Mainz Residenz ist ein Programm – und auch ein Ort – an dem neue Theaterstücke/Kreationen entstehen. Ein Ort der Freiheit des Ausprobierens, der Offenheit, des Suchens, Findens, des (Noch-)Nicht-Wissens und auch: des möglichen Scheiterns.
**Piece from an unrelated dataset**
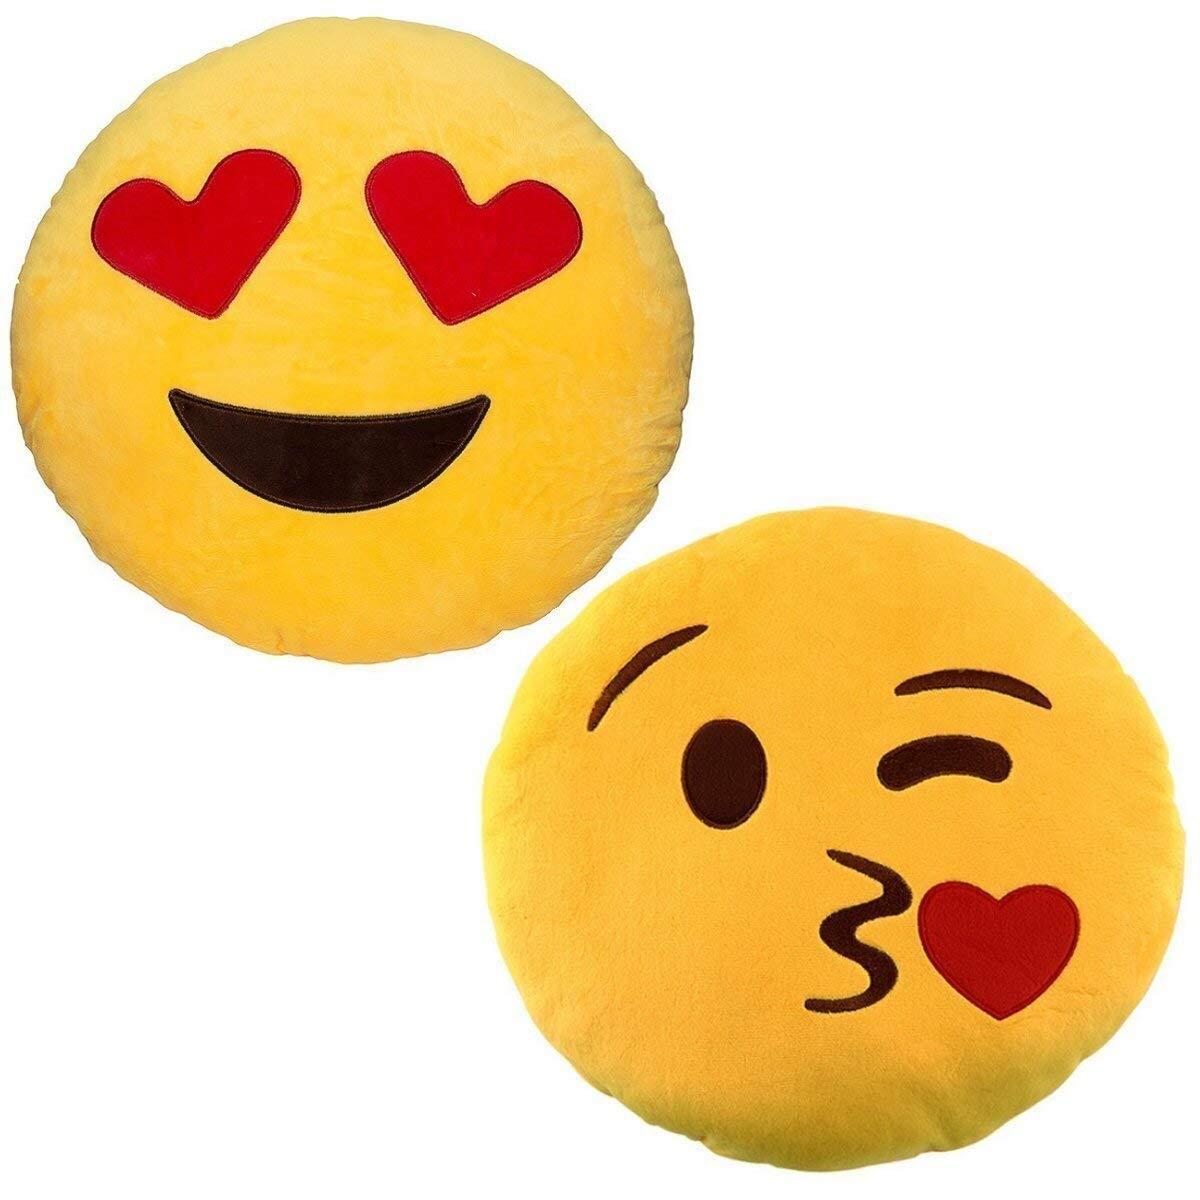 JZK 2 x Peluche farcie Coussin Emoji coup baiser + Coussin Emoji amour coeur yeux, 32cm 12 Emoji oreiller emoticon coussin oreiller Emoji cadeau jouet accessoire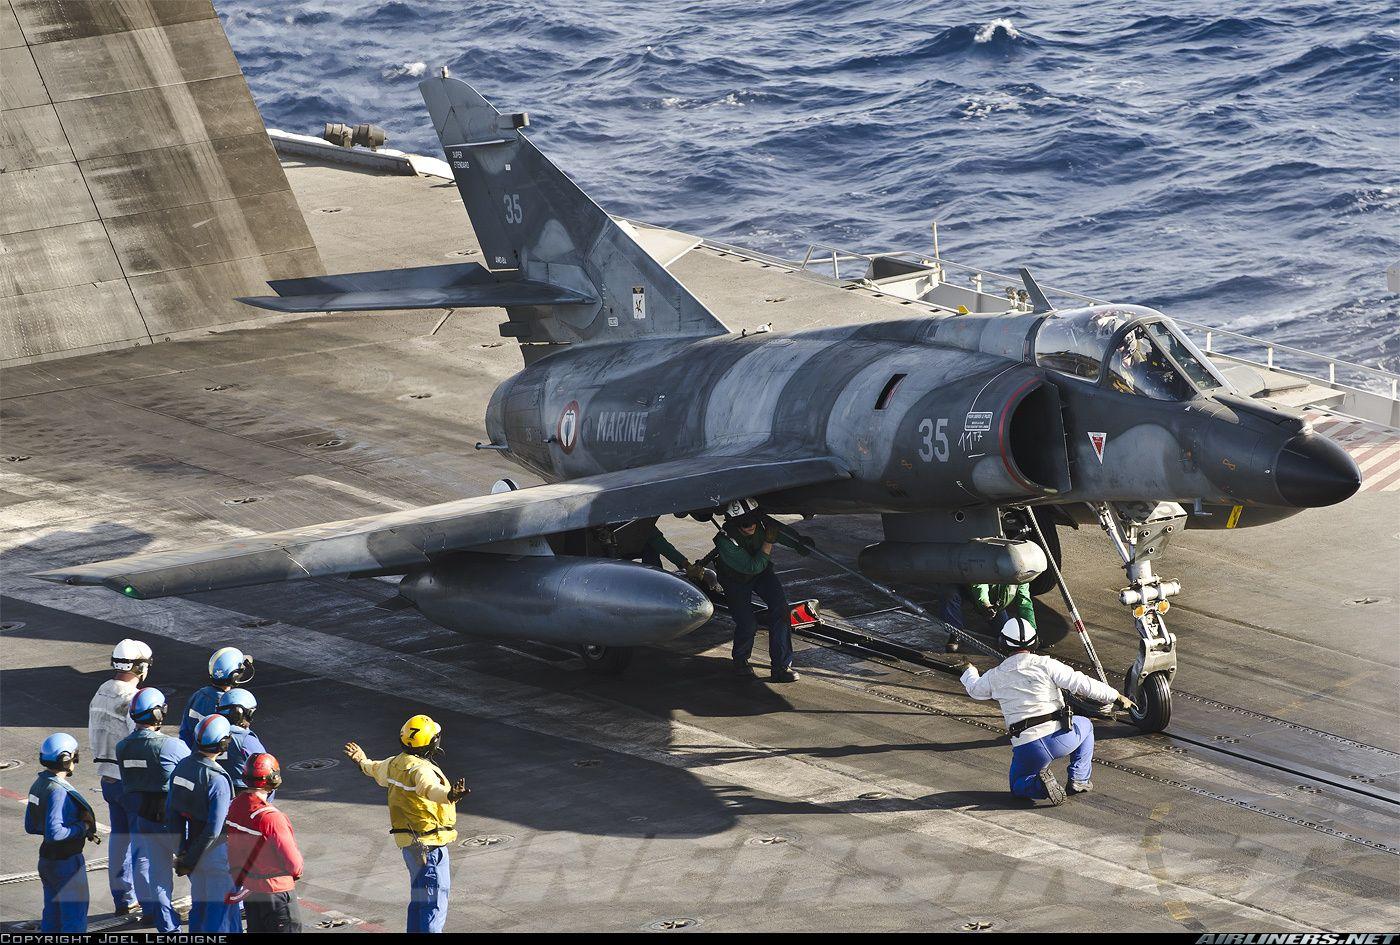 Photos Dassault Super Etendard Aircraft Pictures Airliners Net Avion De Chasse Avion De Combat Armee De L Air

Hier will das Staatstheater die Entwicklung neuer Theaterprojekte auf ganz unterschiedliche Art und Weise fördern. Hier dürfen Autorinnen und Autoren eine erste Stückfassung schreiben, die noch nicht an Ort, Raum oder Personen gebunden ist. Hier können Theaterschaffende bei Stückentwicklungen erst einmal im geschützten Rahmen ausprobieren, ob das gewählte Thema oder die Grundidee überhaupt tragen – ohne direkten Zwang zur finalen Bühnenversion. Hier gibt das Staatstheater freien Gruppen oder Regiestudierenden die Möglichkeit, einen Teil ihres Entwicklungsprozesses durchzuführen.

Das Programm der Mainz Residenz wird zum Teil im Leporello, aber auch sehr kurzfristig per Internet oder Newsletter bekannt gegeben. Es werden vor allem Try-Outs sein, also vorläufige, noch nicht finale Arbeitsergebnisse, bei denen besonders die Zuschauerreaktionen interessieren.

Verantwortlich für das Programm und die Projekte der Mainz Residenz sind Jörg Vorhaben, Chefdramaturg Schauspiel, und Katharina Greuel, Künstlerische Produktionsleitung Schauspiel.